Question: mergeWithLimit inside _.pipeline ?
ak--47 opened this issue · comments
Hi!
I have a highland pipeline like this:
function batchAndQueue(stream) {
const asyncPost = _.wrapCallback(callbackify(flush));
const data = _(stream)
.map((data) => someTransform(data))
.batch(2000)
.consume(batchForByteSize(10000))
.map((batch) => asyncPost(batch))
.mergeWithLimit(numWorkers)
.doto(() => { progressBar() })
.errors((e) => { throw e; });
return Promise.all(await data.collect().toPromise(Promise));
}
(this code data from a stream, sends it over the network, returns a promise so the whole thing can be await
ed)
this works great, and mergeWithLimit
seems to be giving me the concurrency I was looking for.
I'm trying to translate this exact flow to a _.pipeline()
interface, so I can expose a proper Readable Stream for my API.
this is as far as I got:
function exposePipeline(finish = () => {}) {
const asyncPost = _.wrapCallback(callbackify(flush));
const pipeToMe = _.pipeline(
_.map((data) => someTransform(data)),
_.batch(N),
_.consume(customSizeBatch),
_.map((batch) => asyncPost(batch))
// flip promise back to stream
_.flatMap(_),
_.doto(() => { progressBar()}),
_.errors((e) => { throw e;})
)
// * handlers
pipeToMe.on('end', () => {
finish(null, summary());
});
pipeToMe.on('pipe', () => {
pipeToMe.resume();
});
return pipeToMe;
}
but i can't figure out how to use mergeWithLimit
(or parallel
) in this pipeline
it doesn't appear that _.mergeWithLimit
or _.pipeline
are top level functions.... like _.map
, _.consume
, _.batch
, etc...
_.map((batch) => asyncPost(batch)),
_.mergeWithLimit(workers),
doesn't work... have tried a bunch of other variants too... so i think my mental model is wrong.
can someone point me in the right direction? much appreciated! 🙏
turns out i was being dense... _.mergeWithLimit()
totally is a top level function, but it doesn't work nicely with _.flatMap()

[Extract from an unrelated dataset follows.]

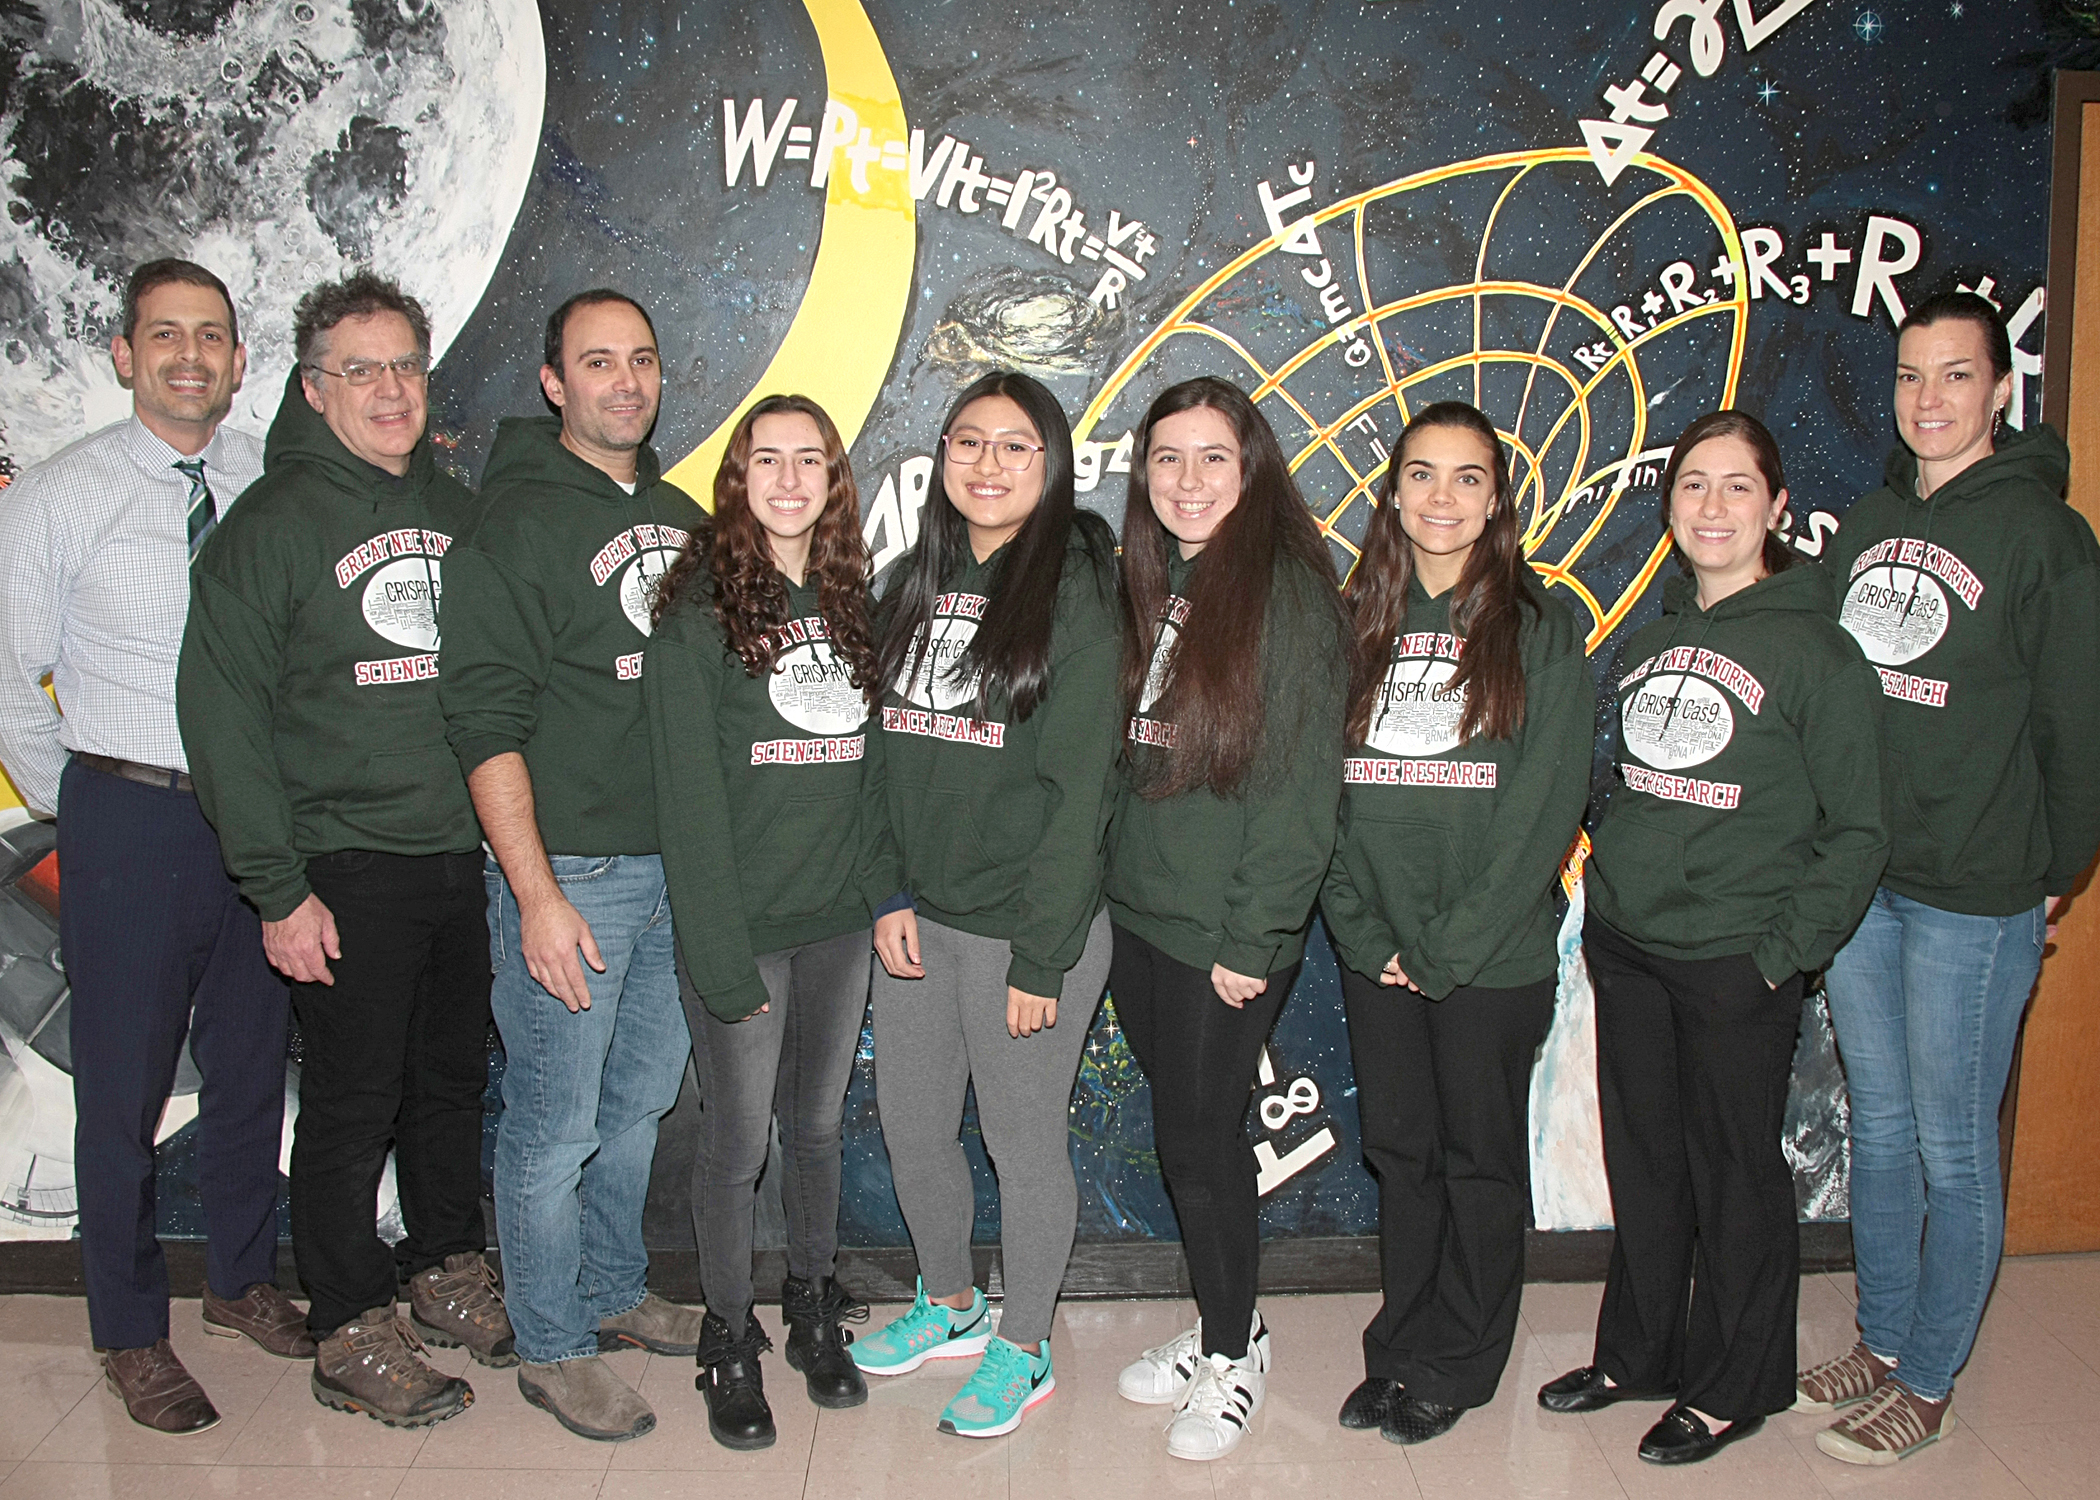 North High Regeneron Scholars Natasha Dilamani, Megan Xu and Amy Shteyman are joined by Principal Daniel Holtzman and science research teachers Alan Schorn, Christopher Bambino, Christina Keys and Maya Lerner, and Science Department Chair Jessica Schust. (Photo courtesy of the Great Neck Public Schools)

for this use case since it merge expects a stream of streams and flatMap doesn't produce that...
anyway final pipeline is:
function exposePipeline(finish = () => {}) {
const asyncPost = _.wrapCallback(callbackify(flush));
const pipeToMe = _.pipeline(
_.map((data) => someTransform(data)),
_.batch(N),
_.consume(customSizeBatch),
_.map((batch) => asyncPost(batch))
_.mergeWithLimit(numWorkers),
_.doto(() => { progressBar()}),
_.errors((e) => { throw e;})
)
// * handlers
pipeToMe.on('end', () => {
finish(null, summary());
});
pipeToMe.on('pipe', () => {
pipeToMe.resume();
});
return pipeToMe;
}
hope it helps someone else!